Impact of the “Urban Exodus” due to COVID-19

September 21, 2020

The COVID-19 virus continues to influence every aspect of American lives from endangering the health of our family and friends to changing our leisure activities and the way we work. The disproportionate effect of the virus on cities like New York led some pundits to declare the death of cities and the rebirth of desirability of suburbs. But while the numbers offer some evidence of an urban exodus, not all researchers are certain that this phenomenon will be permanent.

Migration patterns before and during the pandemic

While the pandemic accelerated many lifestyle decisions, large cities were already beginning to see slower growth and, in some cases, population losses during the last half of the previous decade, according to research by William H. Frey, a senior fellow of the Brookings Institution. New York, Los Angeles, Chicago and Miami faced the biggest population losses between 2015 and 2019 and growth rates slowed in numerous other cities during those years, including Washington, D.C., Philadelphia and Boston. The migration from cities to smaller cities and suburbs is tied to affordability issues, with younger people looking to move places such as Tucson, Ariz., Raleigh, N.C. and Columbus, Ohio for a lower cost of living.

But Frey points out that 56 percent of U.S. residents live in major metropolitan areas and he isn't convinced, even with more people leaving cities, that this migration away from urban areas will necessarily continue. Recessions generally mean people move less often, and, after recessions, large metropolitan areas tend to gain ground, Frey wrote in his report.

While all the data isn't in yet on the pandemic's impact on renters relocating, Apartment List's Migration Report, which covered searches from January 1 through April 15, found that the number of renters looking to move followed a similar pattern to pre-pandemic searches. In addition, there was a dip during those months in renters searching outside their current location, which may reflect economic uncertainty, according to Chris Salviati, Apartment List's housing economist. The Migration Report found a slight uptick from 27% to 29% among New York City renters searching for an apartment outside the city, but there was also an increase in the number of people looking to move from another metro into New York (up from 20% to 26%).

The pattern of renters looking to move into or out of a metro area was relatively stable in most cities, with Chicago standing out as a city that may see a declining number of renters since more tenants were looking to leave the area and the number of renters searching to move into the city from out of town dropped.

More recent data from who booked a move online through HireAHelper found that between January and June, 80% more people moved out of San Francisco and New York than moved into those cities. Los Angeles had 70% more people move out than move in and Miami had 53% more people move out than move to that city.

Why smaller cities and suburbs are gaining ground

For multifamily investors, a long-term approach is more valuable than a snapshot of moving during the pandemic. The urbanization trend brought young professionals and empty nesters in larger numbers over the past 20 years, but the smaller cities and suburbs have gradually become more appealing in the last few years. The appeal is primarily affordability, but the pandemic may have accelerated the move outside cities.

“Downtown density has become a liability during the pandemic, putting city-dwellers at increased health risk by virtue of their close proximity with others," wrote Salviati in Apartment List's Migration Report. “Meanwhile, the easy access to restaurants, entertainment and cultural institutions that make cities so attractive has been temporarily shut down and may be slow to recover. A prolonged period stuck at home in tight urban apartments could also foster a craving for more space. All of these factors may lead to a shift in preferences away from the biggest densest cities and toward more affordable suburbs and smaller, less dense cities."
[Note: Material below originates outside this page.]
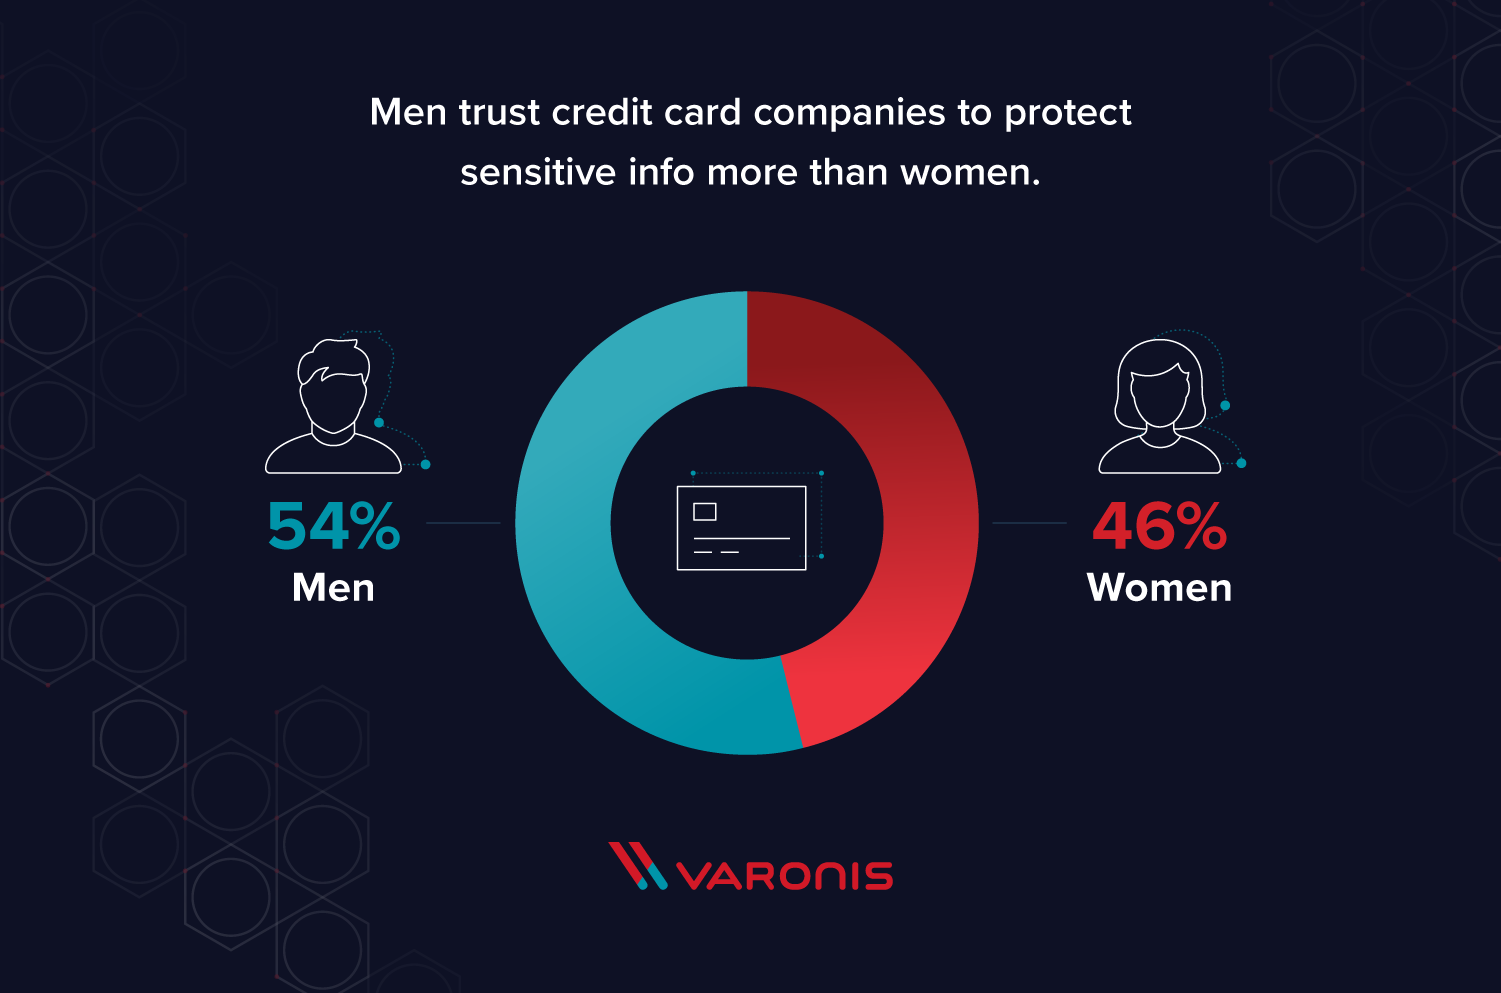 men trust credit card companies with their personal information more than women

People who can work remotely and companies that can relocate have already begun the migration pattern to smaller cities such as Nashville, Atlanta, Charlotte and Orlando rather than continue to pay high costs in San Francisco, Seattle or New York.

In addition to the existing issue of affordability in major metropolitan areas, a recent New York Times article pointed out that the economic downturn and high costs of fighting the pandemic mean that cities will see a major drop in revenue from sales taxes, tourism and income taxes. Cities are already tweaking their budgets to reduce spending on public amenities that make urban areas attractive.

Why cities may continue to thrive

In addition to the temporary lack of access to urban amenities, a recent article in The Atlantic points to numerous sources predicting that safety concerns over violence and protests in urban areas could make the move to suburbs permanently more appealing. The long-term and potentially permanent ability to work remotely may also increase the appeal of living in a less costly, less dense location. But as The Atlantic article points out, the people who are leaving New York City right now are higher earners with the financial ability to move. Less affluent workers are more likely to move from one rental to another within the same city.

The moving patterns of renters have yet to show a mass exodus from cities and some analysts say this may not happen. Moving is expensive and stressful, so more renters are likely to stay put. In addition, the coronavirus continues to spread nationwide and now impacts many of the smaller cities and less dense locations that were thought to be a refuge from the disease.

As The New York Times article points out, recessions tend to be good for cities and for multifamily owners because jobs are more likely to come back first in urban areas with a wide range of employers. Renting is more appealing when homes are costly and when people feel less certain of their financial strength. And, of course, some people may come back to the city or stay there to enjoy the perks of urban living.